Это первый в истории искусства образец «романтической археологии». Мантенья сам с увлечением копался в руинах древнеримских городов, чтобы каждая ваза или музыкальная труба на его картине была исторически обоснована, и при этом умел подчинить свою эрудицию антиквара главной задаче – передать ощущение римской энергии и римской дисциплины. Однако художника, который по-настоящему впитал в себя античное искусство и пересоздал его на новом этапе, так что вся его выразительность вдруг ожила и проявилась с небывалой силой, звали Микеланджело. В 1496 году Микеланджело отправился в Рим и под впечатлением от увиденного принялся ваять статуи в подражание греко-римской скульптуре – одна из его работ (ныне утраченная) была продана как подлинный антик[70], став самой первой из установленных художественных подделок.

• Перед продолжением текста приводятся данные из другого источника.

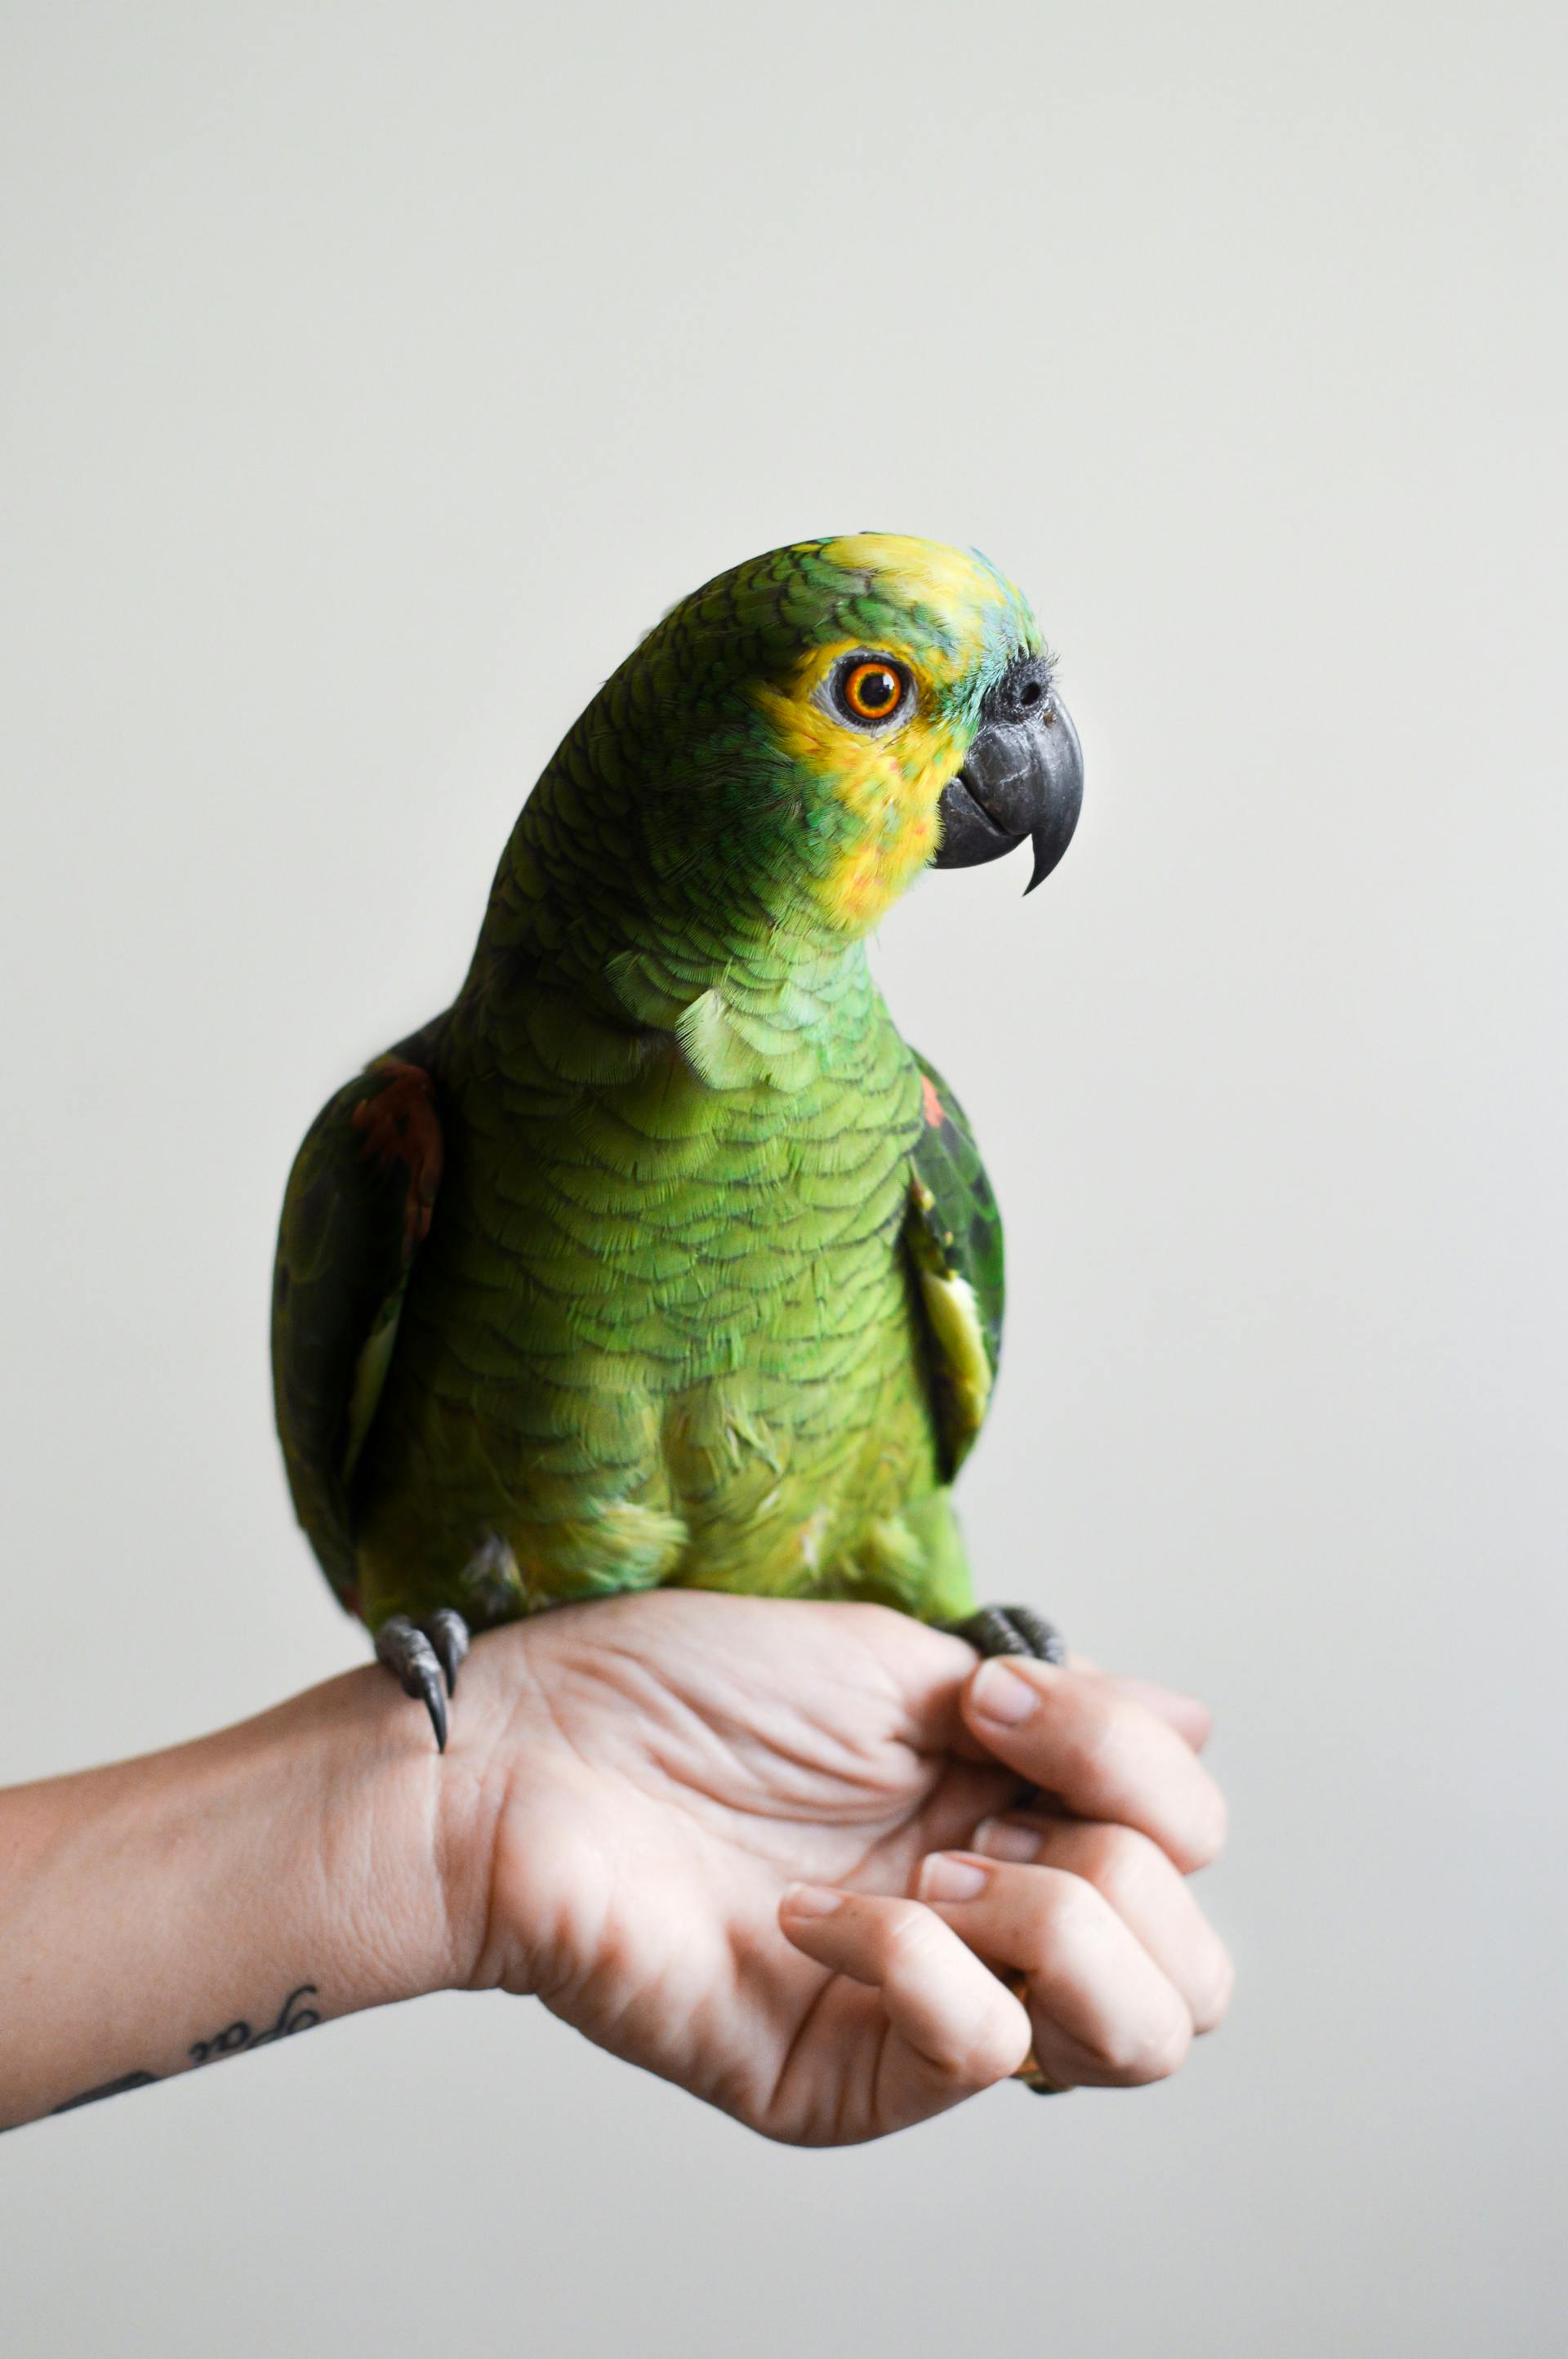 A green parrot on a person's arm | Source: Pexels

Андреа Мантенья. Несущие сосуды. Из цикла «Триумф Цезаря». 1484–1492
В 1501 году Микеланджело вернулся во Флоренцию. Я сказал, что исполинский, героический дух Высокого Возрождения пророс на римской почве. Но сперва была флорентийская прелюдия. В 1494 году Медичи, правившие Флоренцией шестьдесят лет, лишились трона, и граждане, вдохновленные проповедями Савонаролы, восстановили республику. На время в обществе возобладали прекраснодушные пуританские чаяния, обоснование которым революционеры домарксовой поры выискивали у Плутарха и Тита Ливия. Чтобы увековечить свою победу в зримых символах, власти республики стали заказывать произведения искусства героико-патриотического содержания. Одним из таких символов должна была стать гигантская статуя тираноборца Давида. К созданию статуи привлекли молодого «фальсификатора», недавно возвратившегося из Рима. Всего четверть века отделяет мраморного героя Микеланджело от щеголеватого юнца, в котором, как в капле воды, отразились аристократические вкусы двора Медичи, – «Давида» Верроккьо, но совершенно очевидно, что в духовной жизни общества наступил перелом. У Верроккьо Давид легкий, проворный, озорной – и к тому же одетый. У Микеланджело он атлетичен, непреклонен – и наг. Проводя параллель с музыкой, дистанция между ними примерно такая же, как между Моцартом и Бетховеном.
Тело этого нового Давида можно было бы принять за необычайно реалистичное, полное внутренней энергии творение античного скульптора. И, только дойдя до головы, мы сталкиваемся с той особой силой духа, которая древним была неведома. Выскажу предположение, что это свойство – назовем его героизмом – не включается в понятие цивилизации большинством из ныне живущих. Оно подразумевает презрение к жизненным благам, способность жертвовать удовольствиями пресловутого «цивилизованного» образа жизни. Героизм – заклятый враг счастья. И все же в глубине души мы согласны с тем, что в способности подняться над соображениями материального порядка и даже пойти наперекор слепой судьбе проявляется высшая доблесть человека. А если так, если цивилизация в конечном счете зависит от предельного напряжения наших духовных и умственных сил, то появление такого художника, как Микеланджело, следует признать эпохальным событием в истории Запада.
Тогда же, в момент республиканской эйфории, Микеланджело получил от городских властей заказ на фреску для зала Большого совета, высшего законодательного органа нового демократического режима. Перед художником стояла задача отобразить один из героических эпизодов флорентийской истории. С этой точки зрения сюжет, выбранный Микеланджело, кажется весьма сомнительным: флорентийские солдаты, застигнутые сигналом боевой тревоги во время купания в реке, спешно выбираются на берег и облекаются в доспехи; а выбран он был просто потому, что допускал обнаженную натуру. Работа прервалась на стадии картона (полноразмерного подготовительного рисунка)[71], да и тот впоследствии был утрачен, хотя его влияние трудно переоценить, и сохранившиеся этюды объясняют почему. Это первое великое произведение искусства, где человеческое тело – то самое тело, которое в эпоху готики стыдливо пряталось, то самое, которому Альберти расточал похвалы, – превратилось в средство выражения высоких чувств, живительной энергии и богоподобного совершенства. Такое отношение к телу завладело умами на четыреста лет вперед – пожалуй, вплоть до «Авиньонских девиц» Пикассо. Да, идея, в сущности, еще греческая, и поначалу Микеланджело черпал вдохновение именно в античных фрагментах. Но так продолжалось недолго. То, что я назвал бы бетховенским элементом – имея в виду силу духа, воплотившуюся в голове «Давида», – вскоре подчинило себе и все тело.